At its peak, the total reached 100,000 units.
This bleak situation contributed to a sudden third-quarter production cut of 90,000 vehicles and a 135,000-unit reduction for the entire second half of the year. A contrite Zetsche vowed greater vigilance over Chrysler’s operations, but CEO Tom LaSorda seemed to override his boss.
“I’m responsible for what’s going on at the Chrysler Group,” LaSorda said. “I take full responsibility.”
Fallout from the miscue led DC CFO Bodo Uebber to say this when asked by a journalist whether Chrysler might be sold: “We don’t exclude anything here. We will do our analysis. Second, we will talk about measures. And third, we will draw our conclusions.”
Frantic to squelch the resulting uproar, DC issued this statement in response to “speculation” about a potential sale of Chrysler: “DaimlerChrysler reaffirms its previous statements made to the media that there are no plans to sell Chrysler Group. During today’s third-quarter earnings analyst/media conference call, the company appropriately chose not to add to the speculation regarding this topic. However, the resulting coverage and comments made it clear that this ‘not-for-sale’ statement needed to be reaffirmed.”
Through December, there was no more buzz about the topic. But there were still anxious moments.
Because of Durango sales were lagging and gas prices loomed over its Chrysler platform-mate, the Aspen, speculation swirled about the future of Chrysler’s Newark plant. And Eberhardt was ousted, with LaSorda assuming personal responsibility for dealer relations.
The CEO embarked on a frenetic cross-country blitz to repair relationships, all the while promising Chrysler’s shadow inventory would fade away. And by late December, it had dwindled to fewer than 10,000 vehicles.
Against this backdrop, Mercedes again provided the bright spots for DC by looking forward, and back.
In acknowledgement of its past, DC cut the ribbon on the Mercedes-Benz Museum, located beside the auto maker’s parent plant in Stuttgart-Unterturkheim, in the shadow of the site where Gottlieb Daimler and Wilhelm Maybach developed their high-speed gasoline engine –birthplace of the world’s auto industry.
At opening, the museum featured more than 1,450 exhibits, which included 150 vehicles.

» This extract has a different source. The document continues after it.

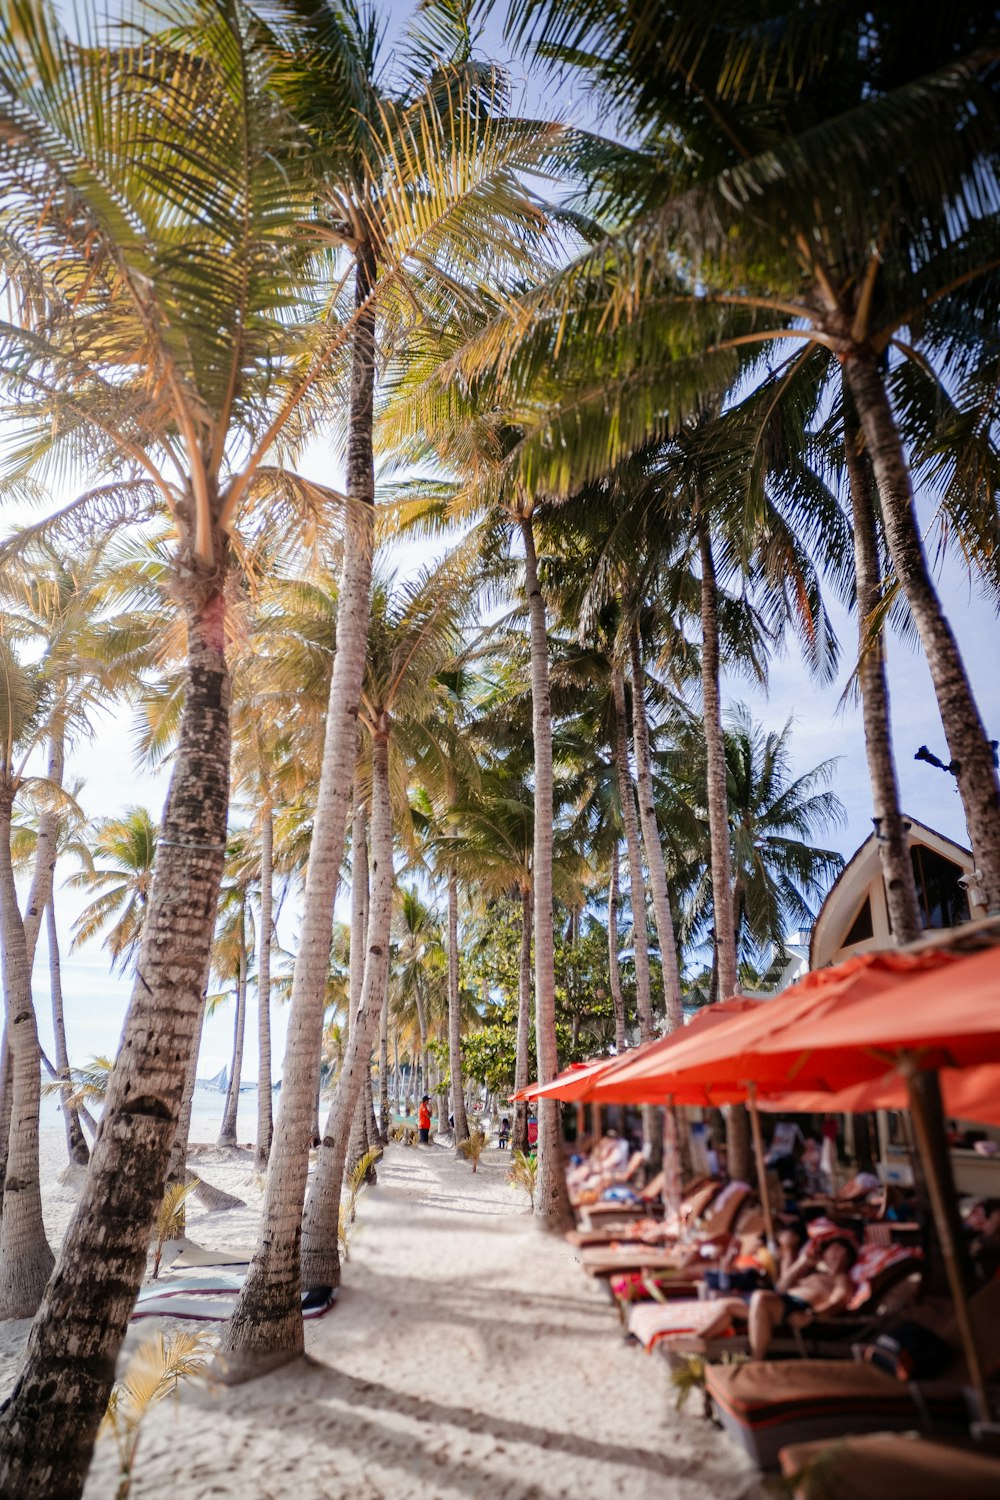 a sandy beach lined with palm trees and umbrellas

And the tri-star brand also looked ahead in 2006 with the unveiling of its Bluetec aftertreatment technology for diesel engines. Launched in the fall, the ’07 Mercedes-Benz E320 Bluetec featured a 210-hp, 3.0L V-6 direct-injection turbodiesel engine that reduced carbon dioxide (CO2) emissions by combining exhaust gas recirculation with components such as an oxidizing catalytic converter and a particulate filter.
Chrysler benefited from Mercedes’ diesel advancements by announcing it would launch a diesel-powered Grand Cherokee in 2007 that featured the E320’s base engine, without the Bluetec aftertreament.
But in the one-step-forward-two-steps-back manner that seemed to dog Chrysler all year, the auto maker also pulled the plug on another diesel offering – its first – the Liberty CRD. It featured a 2.8L I-4 from Italy-based VM Motori SpA in Italy.
Chrysler also stopped production of its 500-hp Dodge Ram SRT-10, the world’s fastest production pickup and decided against building production versions of two highly regarded concept vehicles: the Chrysler Firepower supercar and Jeep Gladiator pickup.